The centerpiece is Simon Curtis' "My Week With Marilyn," which stars Michelle Williams as Marilyn Monroe during the production of Laurence Olivier's "The Prince and the Showgirl." Playing as gala screenings are David Cronenberg's "A Dangerous Method," about the relationship between Sigmund Freud (Viggo Mortensen) and Carl Jung (Michael Fassbender); and "The Skin I Live In," the latest from Pedro Almodovar, a festival mainstay. The closing night film is Alexander Payne's "The Descendants," an early Oscar favorite starring George Clooney as a father of two young daughters whose wife is critically injured.

Other highlights include Lars von Trier's "Melancholia," Martin Scorsese's soon-to-be-televised documentary "George Harrison: Living in the Material World," Steve McQueen's "Shame," Michel Hazanavicius' "The Artist," Bela Tarr and Agnes Hranitzky's "The Turin Horse" and the Dardenne brothers' latest, "The Kid With a Bike."

The NYFF is sometimes considered less relevant because many of its selections play first at other film festivals, such as Cannes in May and Toronto in September.
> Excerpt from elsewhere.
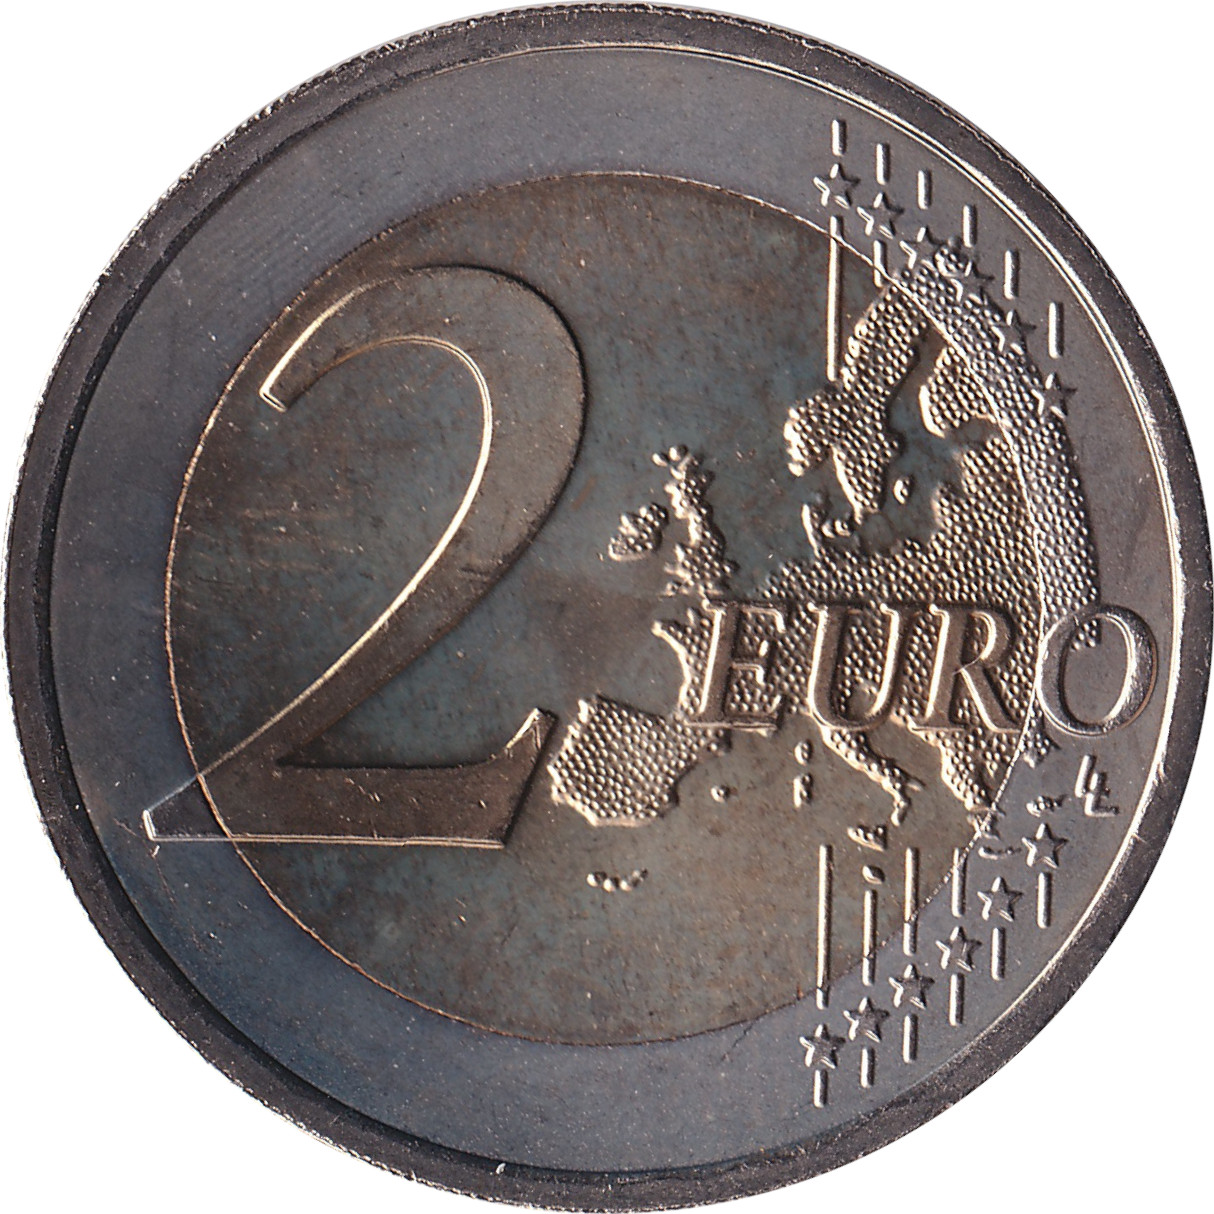 2 euro - Circulation of the Euro

Kuo says, "We must have films that are selected outside of Cannes and Toronto," but Pena doesn't consider world premieres an object of the festival.

"I don't even think about it," he says. Recalling a conversation with Joanne Koch, former Film Society executive director, he adds: "She pulled me aside and said, 'You have to remember that this is a festival for the people of New York City. And for the people of New York City, these are all world premieres."

The festival will also include a newly restored and hardly ever seen film by Nicholas Ray, "We Can't Go Home Again" (accompanied by a documentary on Ray, "Don't Expect Too Much"). An updated cut of the new documentary "Paradise Lost 3: Purgatory" will also screen. The film, the third of a trilogy, is about the "West Memphis Three," three men who were recently released from prison after being convicted of the 1993 murder of three 8-year-old boys.